Task directions> For the copy, please give all of the data again exactly and leave the pictures out.

Collected data>

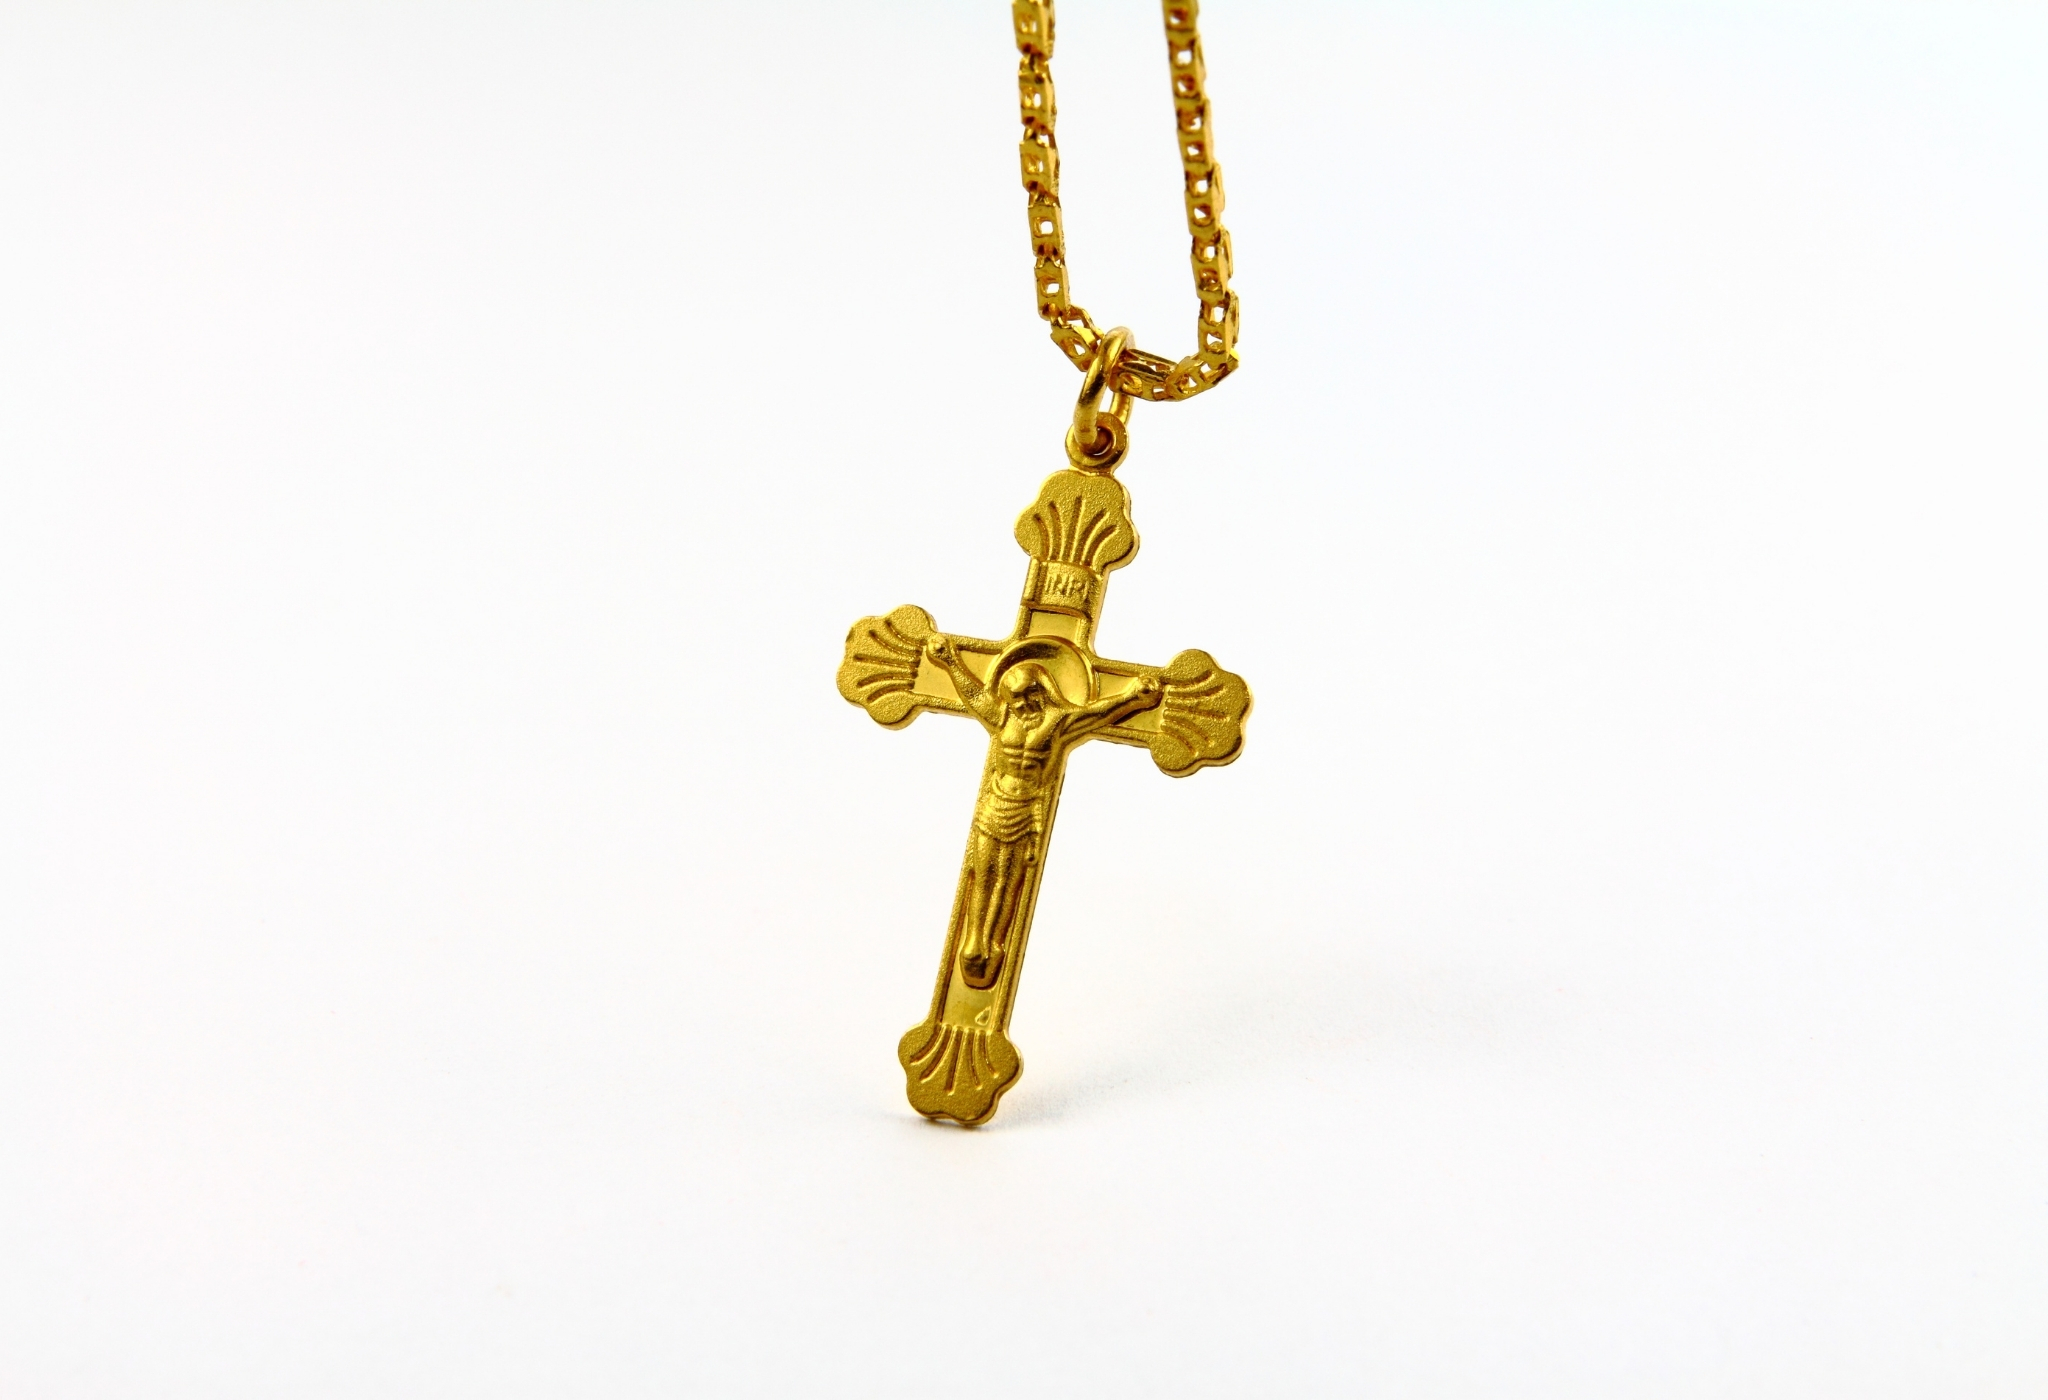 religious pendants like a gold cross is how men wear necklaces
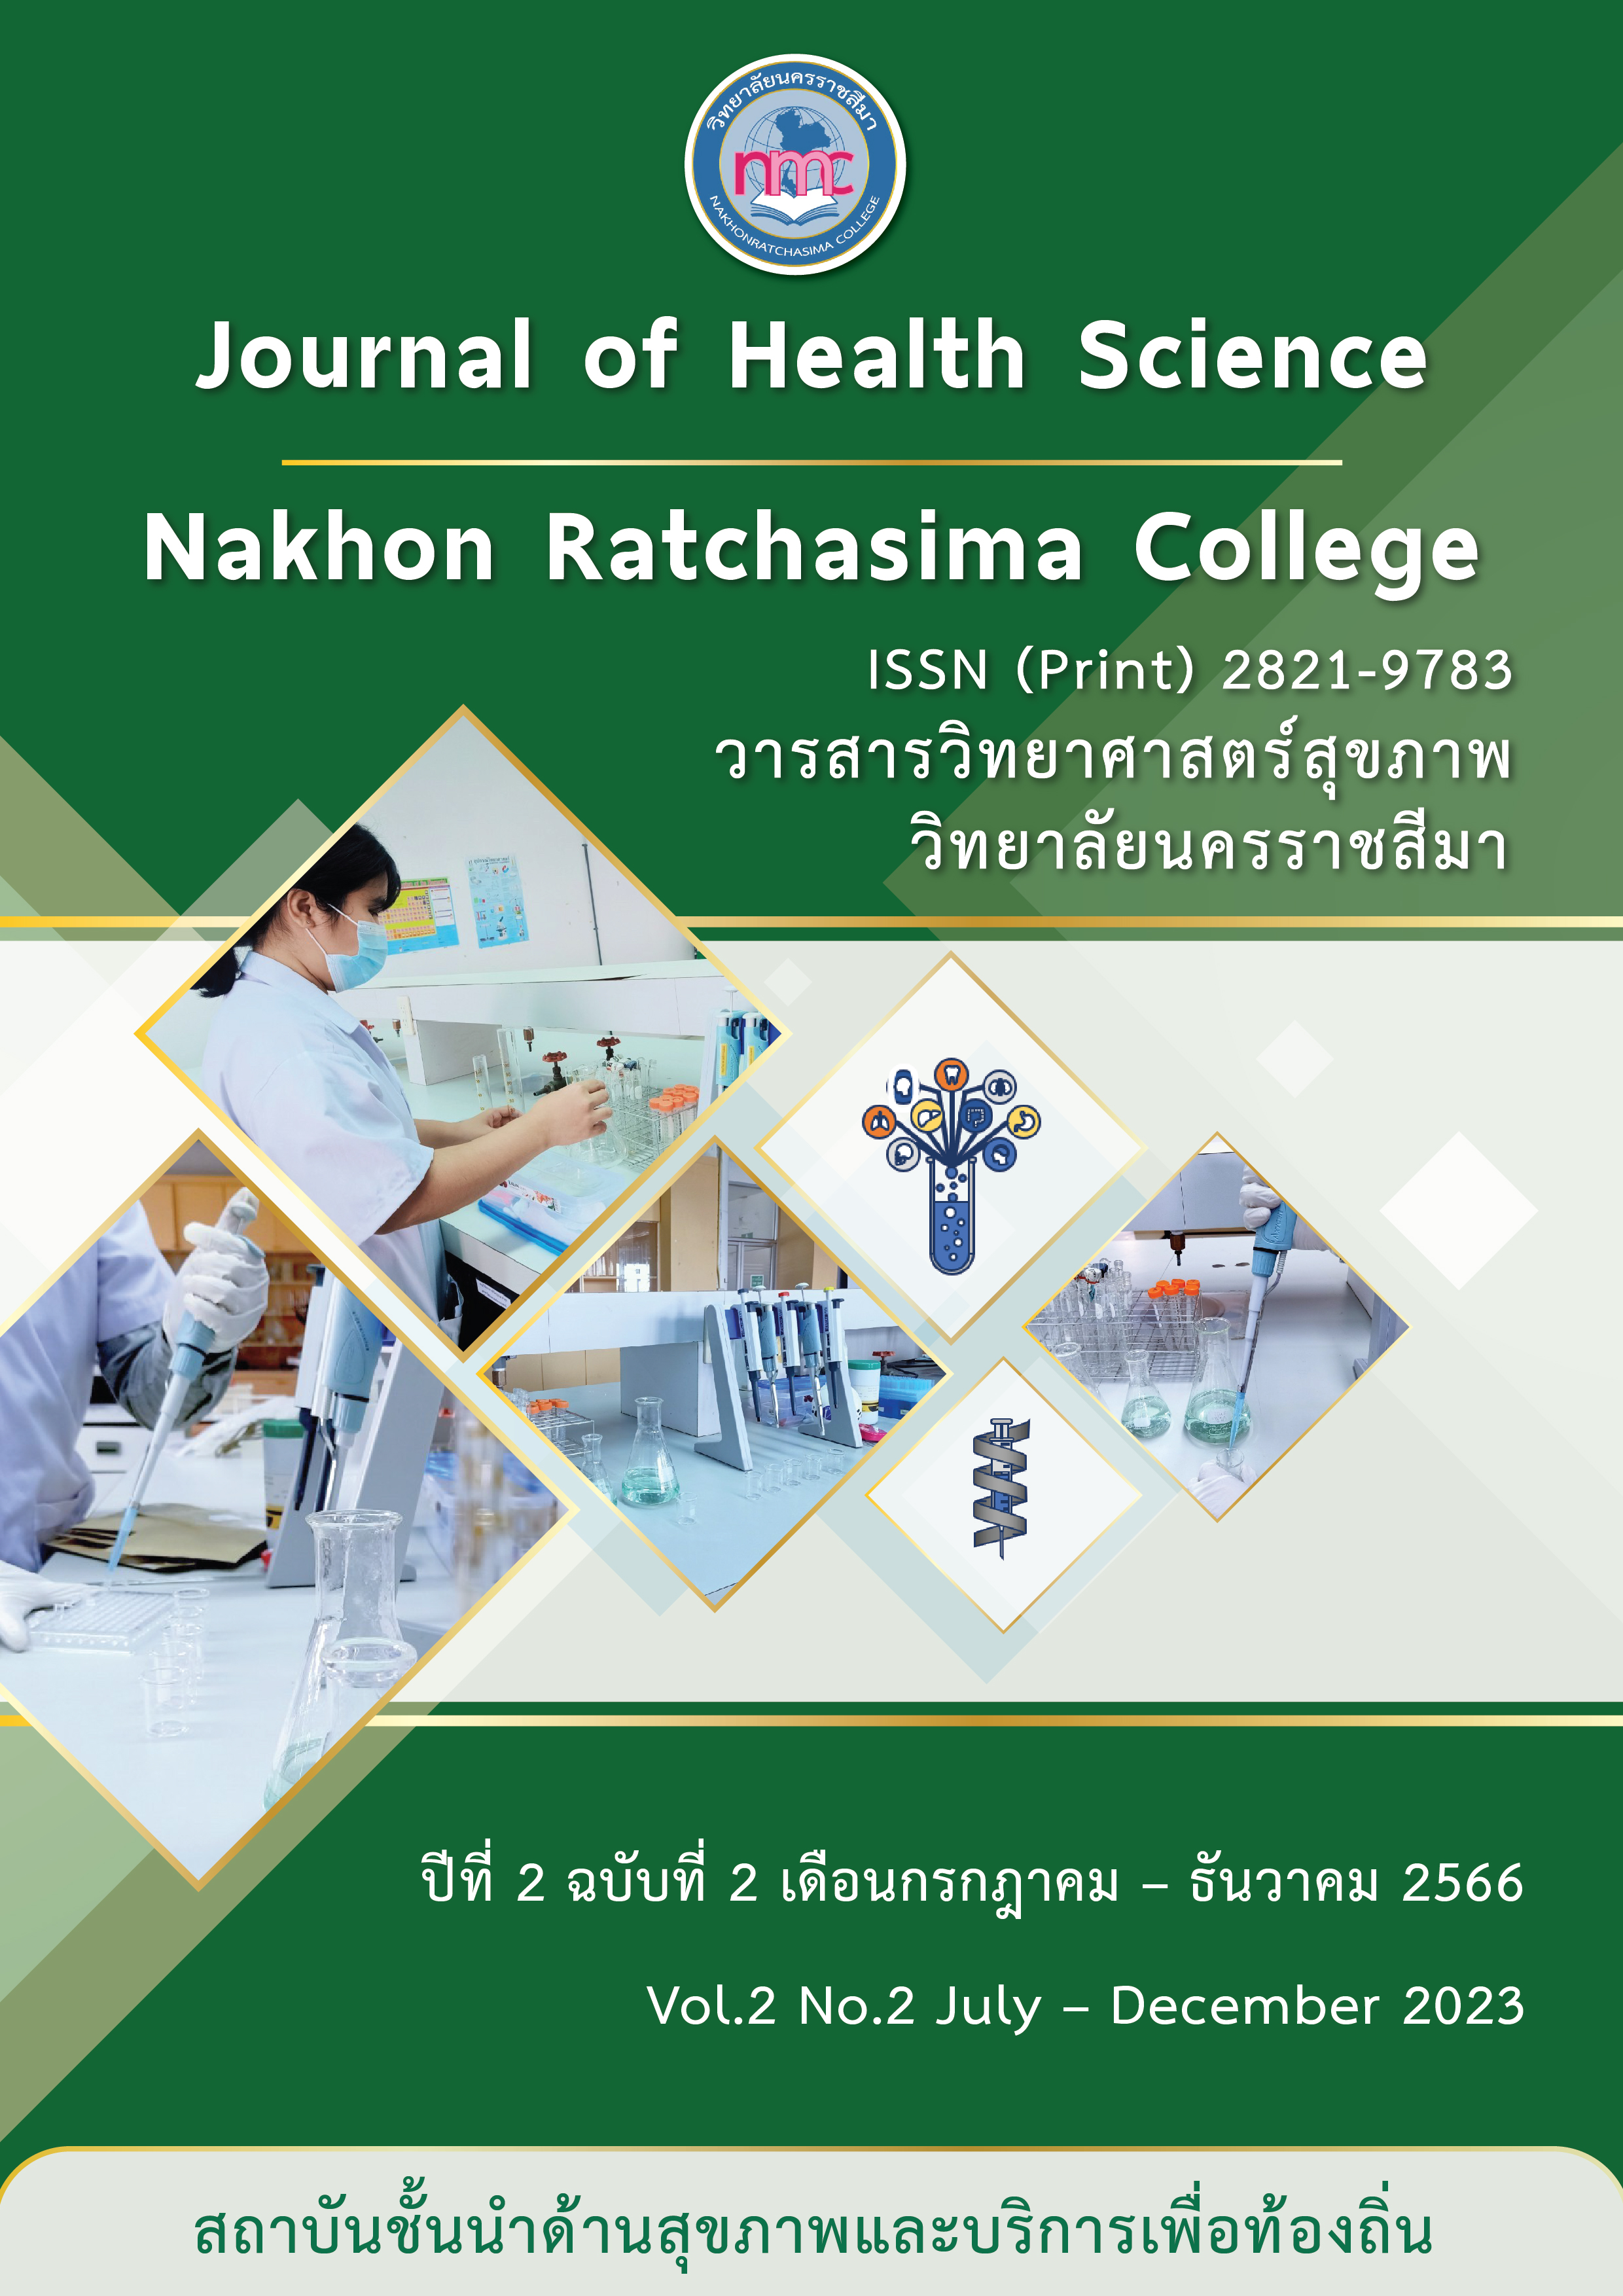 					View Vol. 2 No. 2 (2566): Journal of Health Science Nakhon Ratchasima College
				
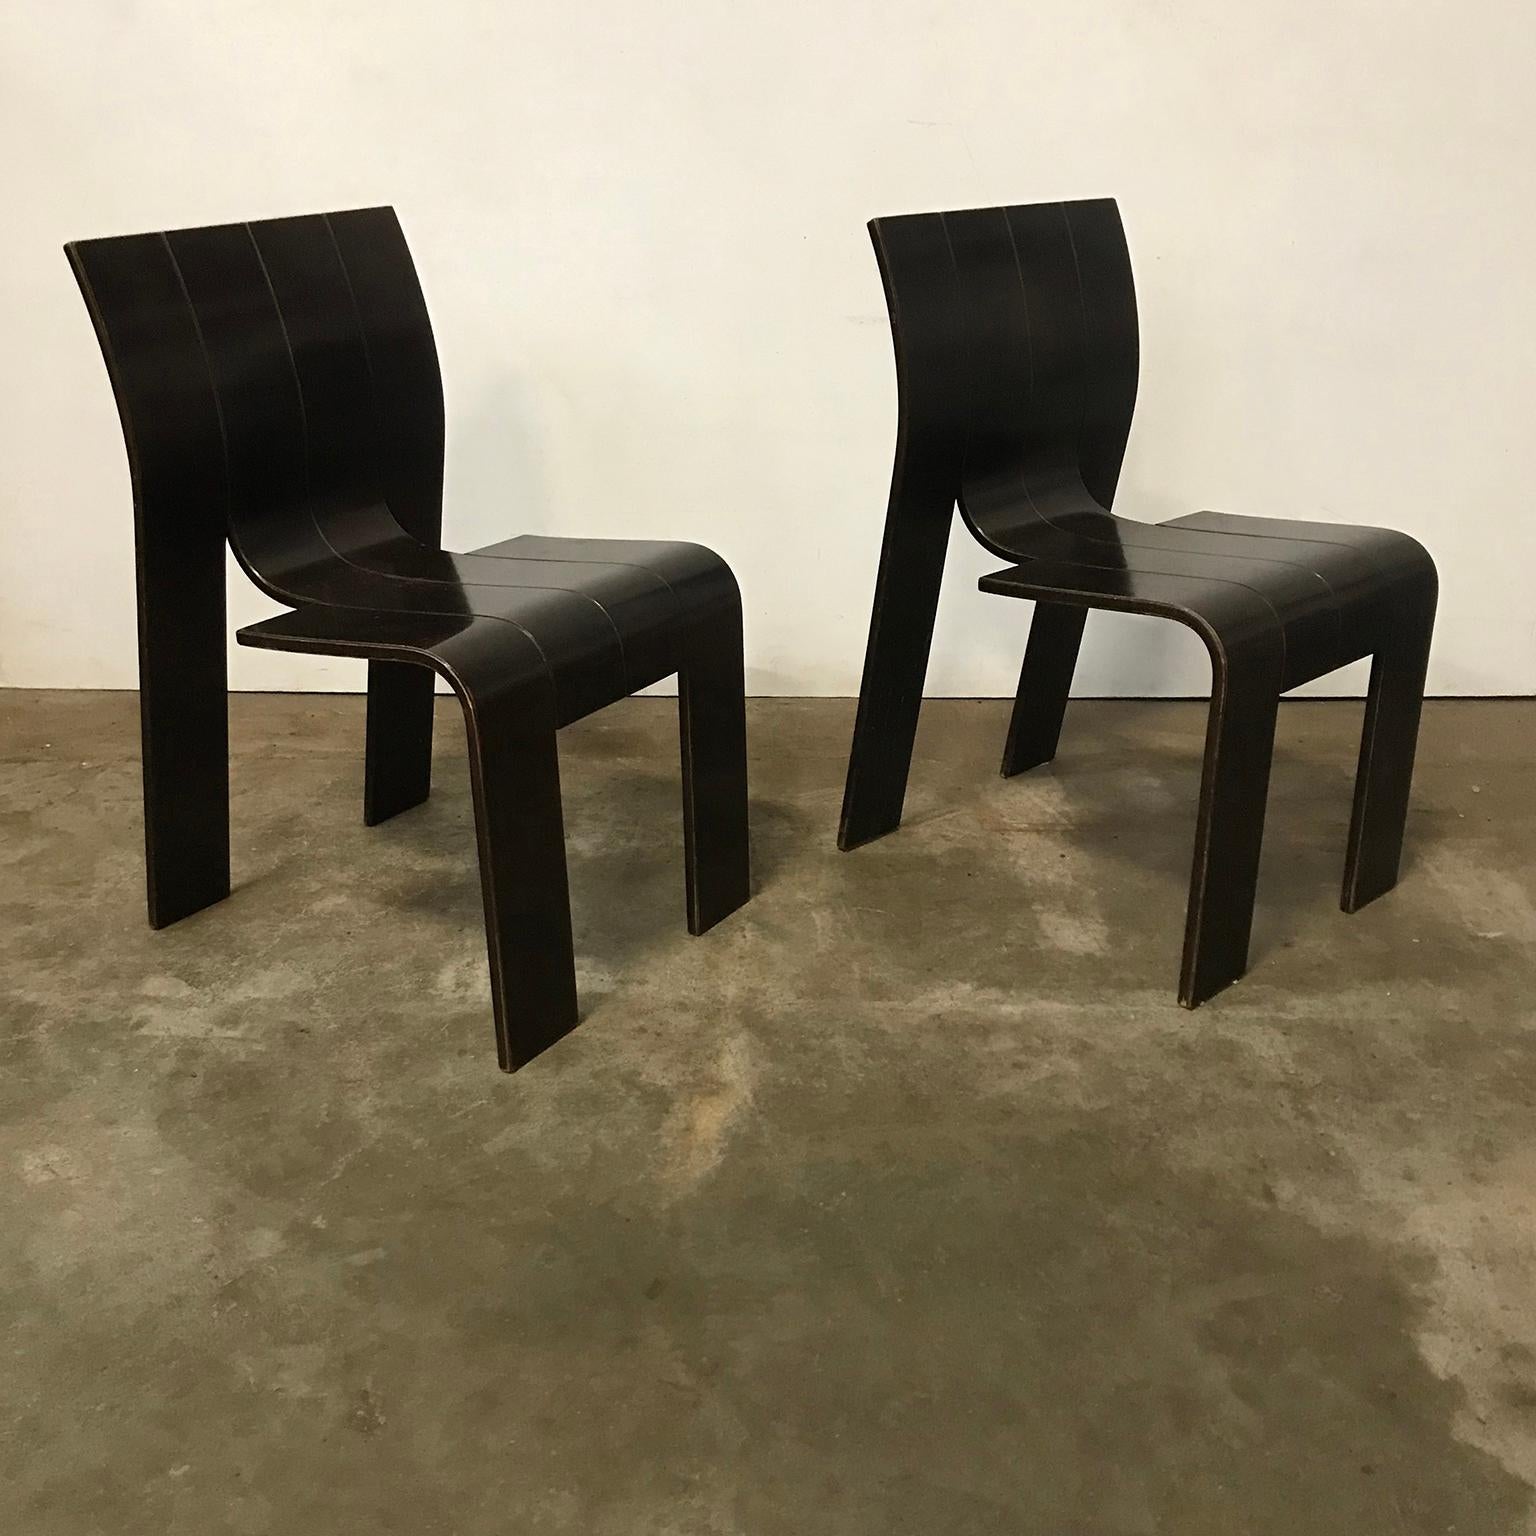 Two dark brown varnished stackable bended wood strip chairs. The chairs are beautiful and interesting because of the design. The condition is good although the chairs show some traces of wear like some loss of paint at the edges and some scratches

Exercise response>
 religious pendants like a gold cross is how men wear necklaces
 					View Vol. 2 No. 2 (2566): Journal of Health Science Nakhon Ratchasima College
				
 Two dark brown varnished stackable bended wood strip chairs. The chairs are beautiful and interesting because of the design. The condition is good although the chairs show some traces of wear like some loss of paint at the edges and some scratches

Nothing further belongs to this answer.